Глобализацию сопровождает индивидуация, история насыщается антропологией и персонализируется. Необходимость умело ориентироваться и результативно действовать в конденсированной среде распределенных по городам и весям анклавах нового мира предъявляет запрос на индивида, обладающего развитым интеллектом, культурным капиталом, владеющего разнообразными, подчас уникальными искусствами. На планете разворачивается своего рода бунт самодеятельной личности против власти традиций и тирании стереотипов – мы наблюдаем диалектические молекулы “креаторов-управленцев” – эволюционное сообщество, создающее новую реальность, обустраивая свое видение будущего (2).

Комплексный мир, востребовав сложный интеллект, инициировал поиск путей его обретения. На рубеже нынешнего века восстание элит [Lasch 1994] сменяет былую революцию масс [Ortega y Gasset 2000: 43-163]. Сегодня идею демократии, свободы и равенства замещает ориентация на персональный суверенитет.

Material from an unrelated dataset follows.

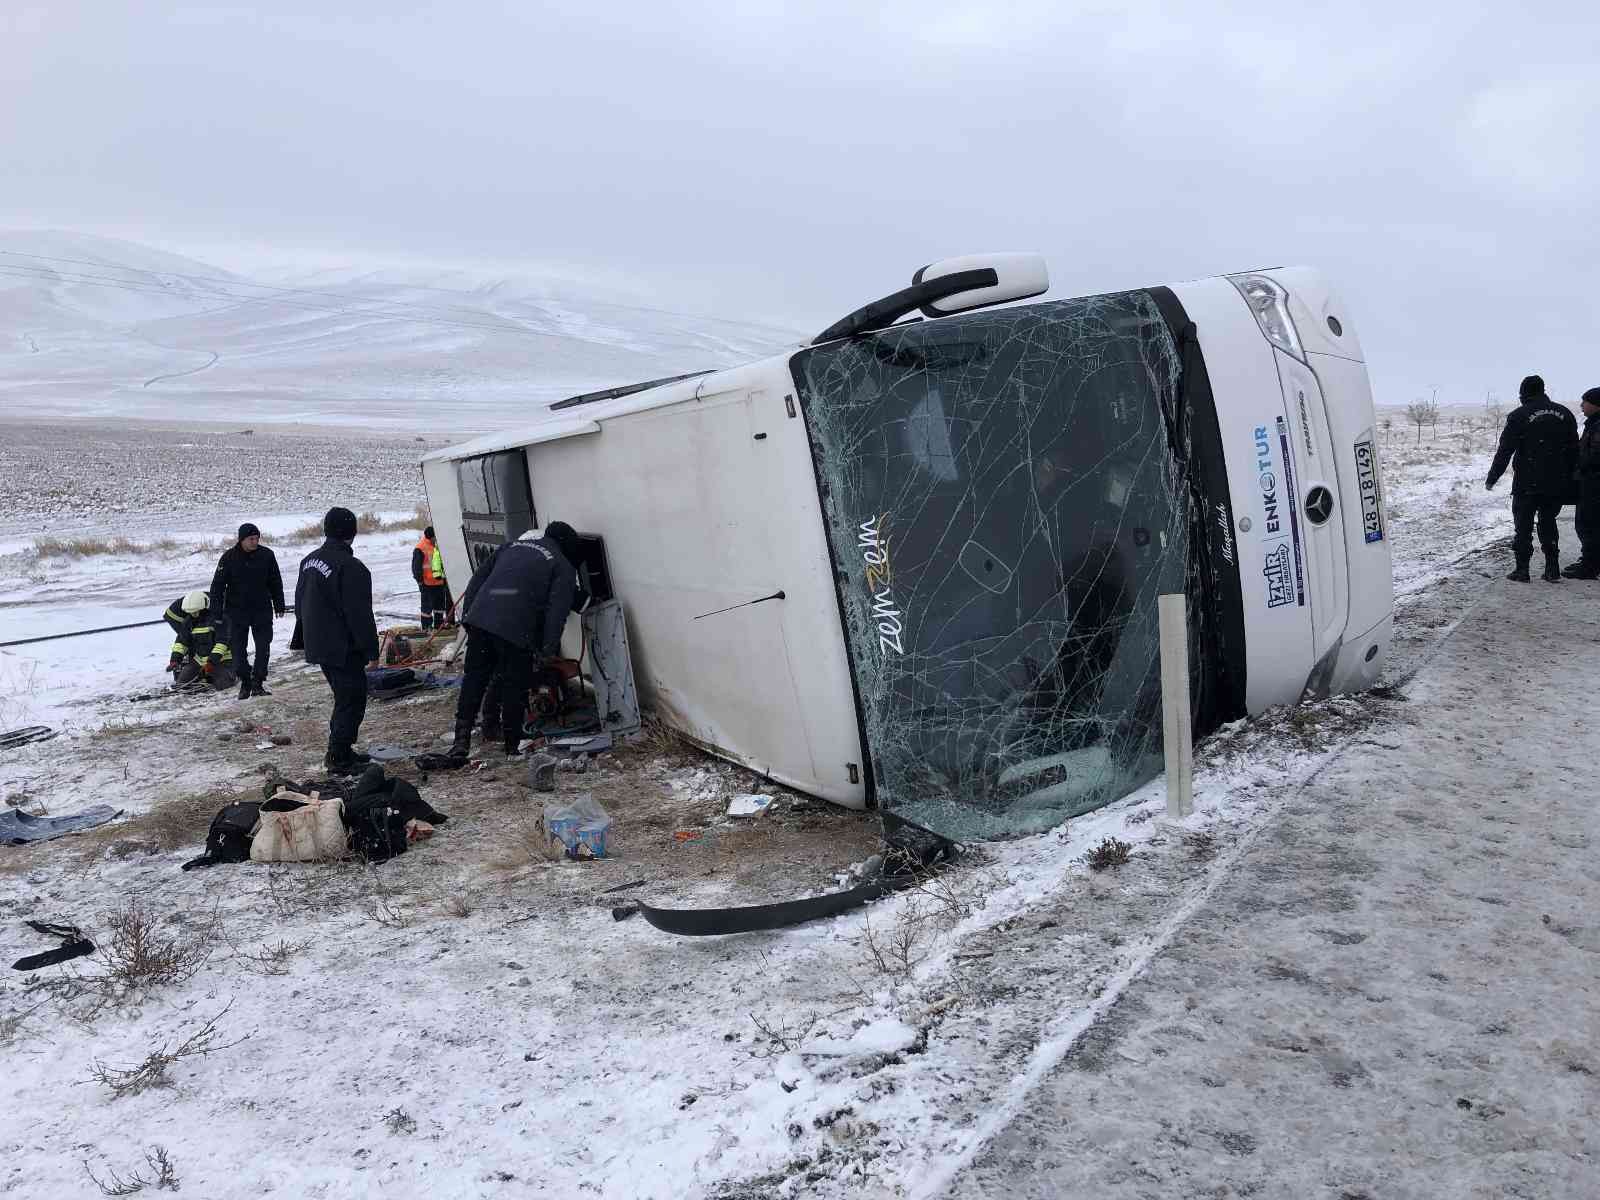 Konya’da otobüs şarampole devrildi: 5 ölü, 42 yaralı #konya

Стратегическое преимущество переходит к системам, способным к глобальной диссипации и эффективному функционированию в ситуациях неопределенности, цифровым и комплексным механизмам.

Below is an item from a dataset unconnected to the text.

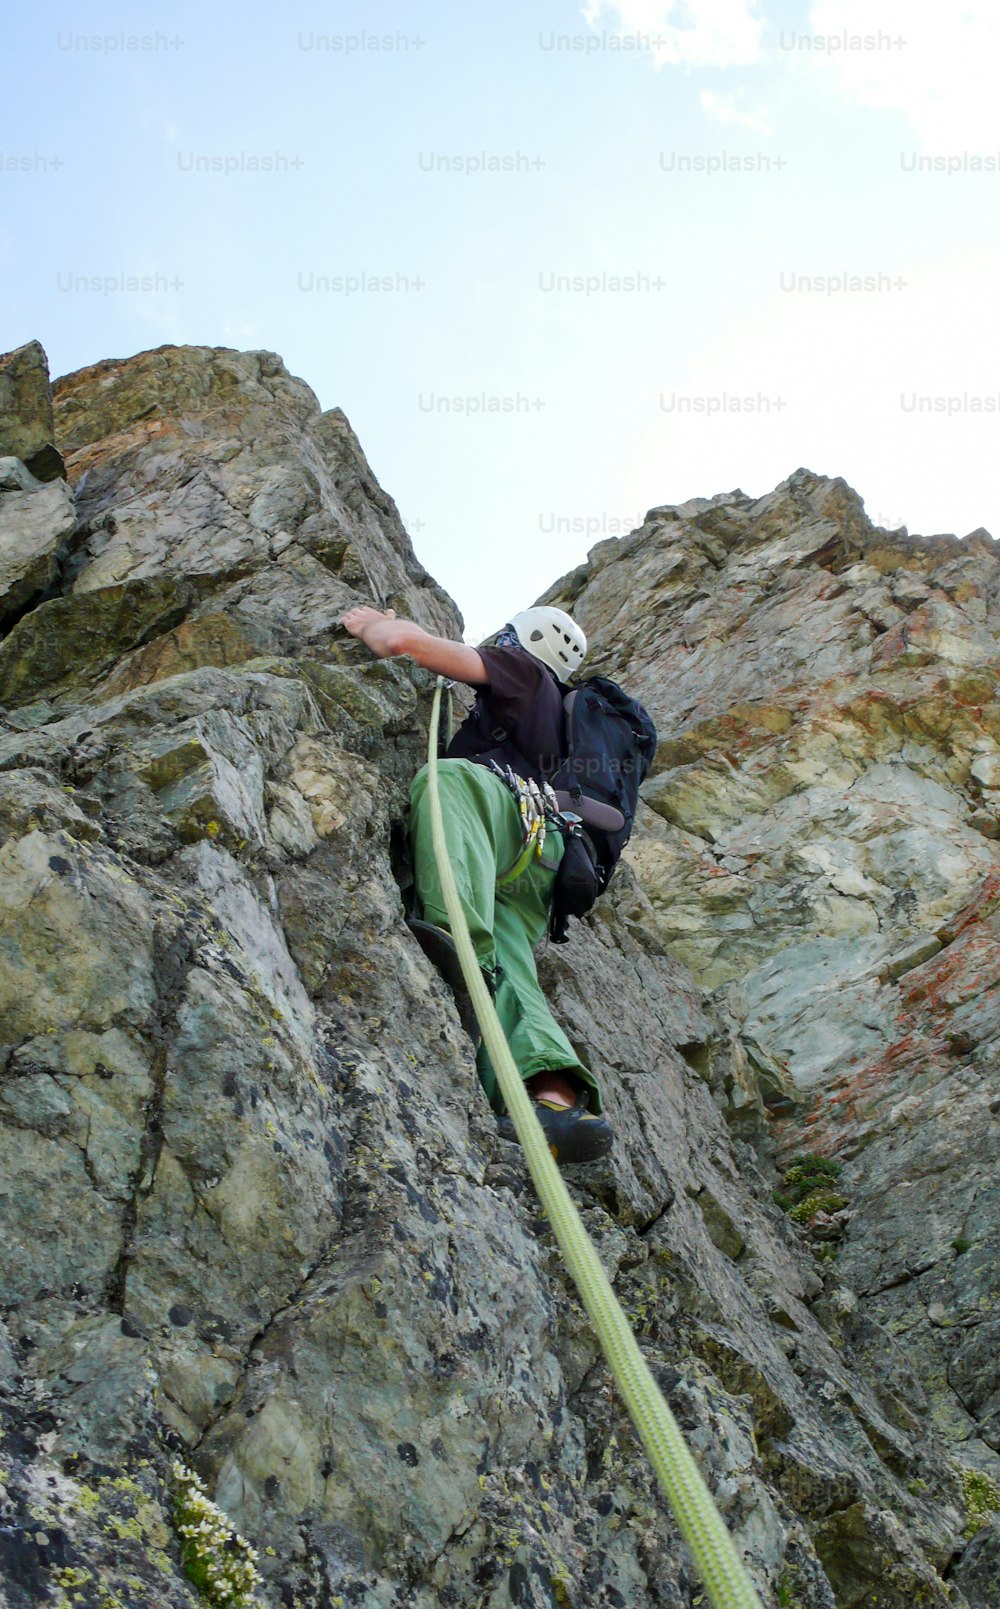 Un escalador en una ruta de escalada empinada en los Alpes

Геополитика, руководствующаяся милитарно-территориальными категориями, усложняется и замещается деятельной партитурой – геоэкономикой (соответственно меняются и средства принудительного воздействия), а в дисперсной среде с эластичной архитектурой доминирует социокультурная аттракция (геокультура), растет значение антропологического фактора, ускоряется перераспределение человеческих ресурсов (геоантропология).

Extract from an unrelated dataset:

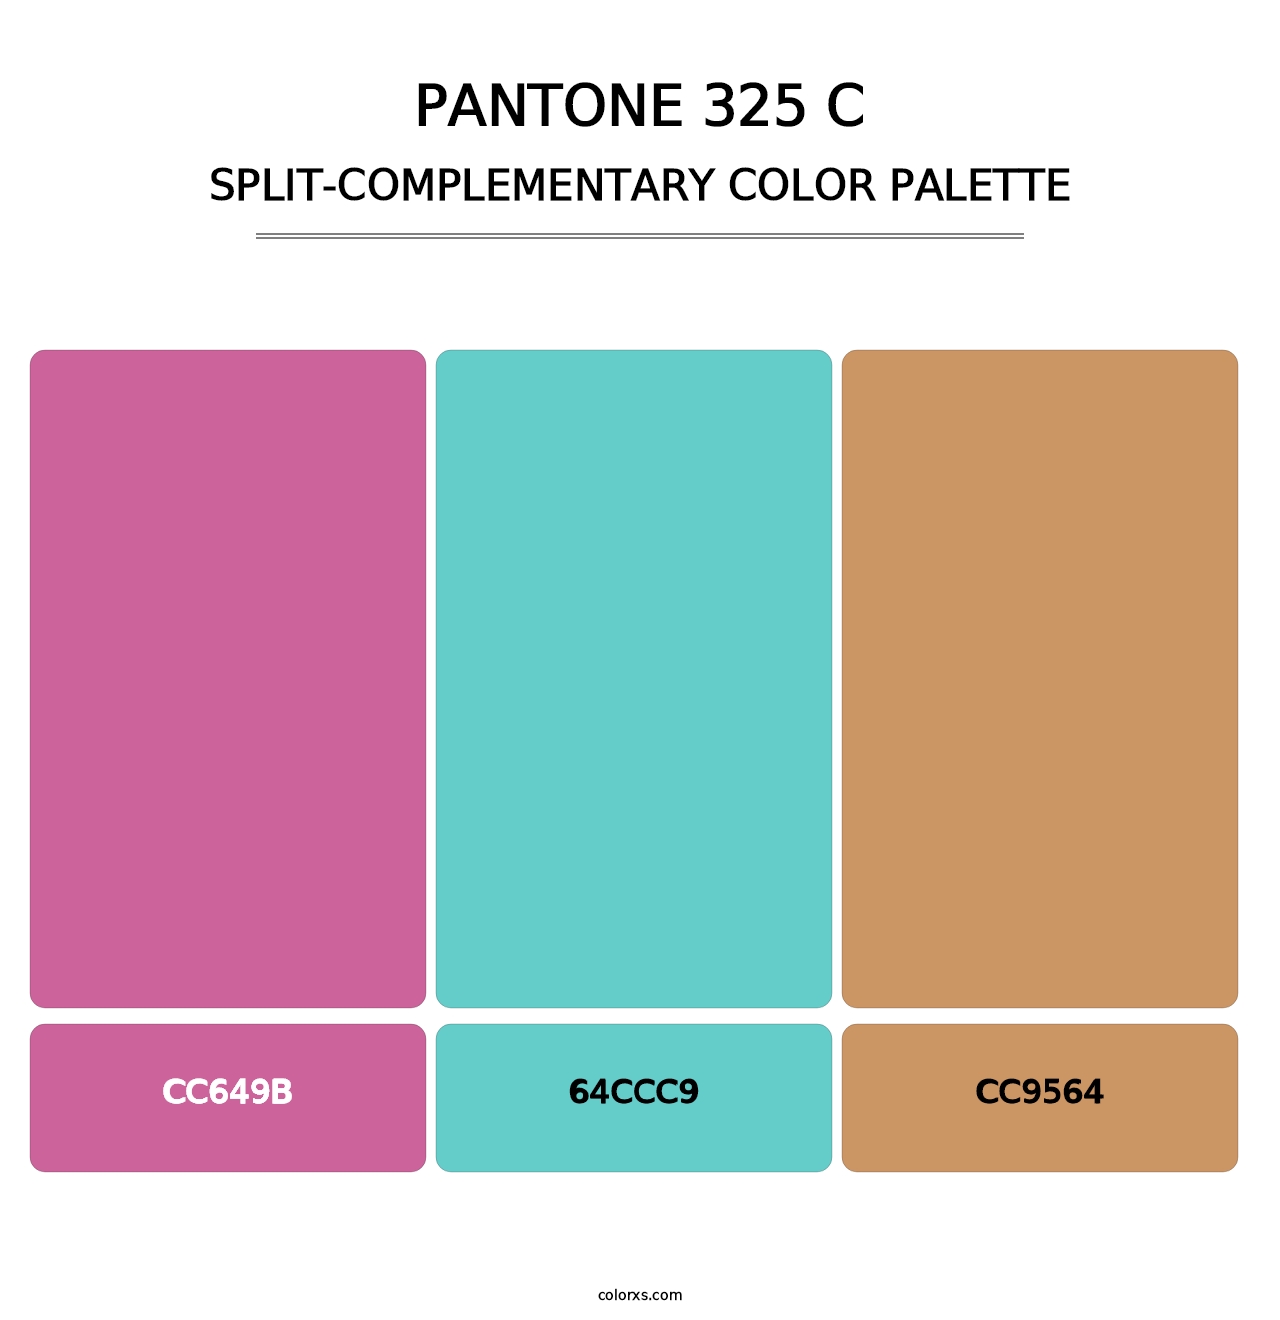 PANTONE 325 C - Split-Complementary Color Palette

Будущее творится как синергия частных усилий. В социальном космосе мы имеем дело не с объектами и фактами, а с процессами и ситуациями, глобальное взаимодействие идет на смену национальной суверенности, ее политическому доминированию.

Как результат, происходит умножение сетевых предприятий, возводимых поверх прежних барьеров, представители стран, этосов, этносов дистанционно и совместно трудятся в рассредоточенных по планете предприятиях, венчурных, исследовательских и университетских центрах. Складываются деятельные трансграничные сообщества, конструктивные и деструктивные, реализуя избранные по тем или иным мотивам маршруты перемен.

Пришествие постиндустриального класса предложило собственную модель миростроительства: делигитимацию авторитарно-патерналистских и бюрократизированных форм власти, ослабляющих личностное начало, культуру гибкой борьбы за реализацию идеалов и прав, снижение уровня рестрикций, ревизию стандартов индивидуального поведения и общественной практики.

Проактивная личность, частные и партнерские коммуникации (включая персонализированный антиэлитарный популизм) используют особенности динамичной среды – социальную и правовую креативность, технологическую и культурную новизну, экономическую комбинаторику, демонстрируя способность к продуктивной деятельности в условиях перманентного транзита.

Амбициозные коалиции, пользуясь обширным эффективным инструментарием эпохи, смещают акценты субъектности с обезличенных учреждений на мобильные сообщества (softstate, liquid state, wise state, post-state), обеспечивая переход от административных механизмов контроля к личностно-групповому (молекулярному) управлению событиями.

Императив венчурности решений и скорости их принятия сопряжен с неизбежностью издержек и слабыми возможностями контроля возникающих девиаций. Целеполагание дисперсных организмов, рассеянных по планете, консолидируемых теми или иными аттракторами, может серьезно диссонировать с регламентами современности.

Расширяя спектр актуальной геокультурной семантики, ценностные и поведенческие матрицы способны входить в конфликт с наличными этическими установками, актуализировать постсекулярные тенденции дополненной интерпретации реальности, носить сверхценный характер, порождая в русле драматичного эволюционного процесса политические коллизии, экономические, культурные и конфессиональные водовороты.

Переворот в образе жизни ремодифицирует институты практики, влияя на действенность международного права, режим безопасности, статус войны и мира. Поиск сложной гармонии – турбулентный процесс, это предприятие с высоким уровнем риска и сопутствующих напряжений.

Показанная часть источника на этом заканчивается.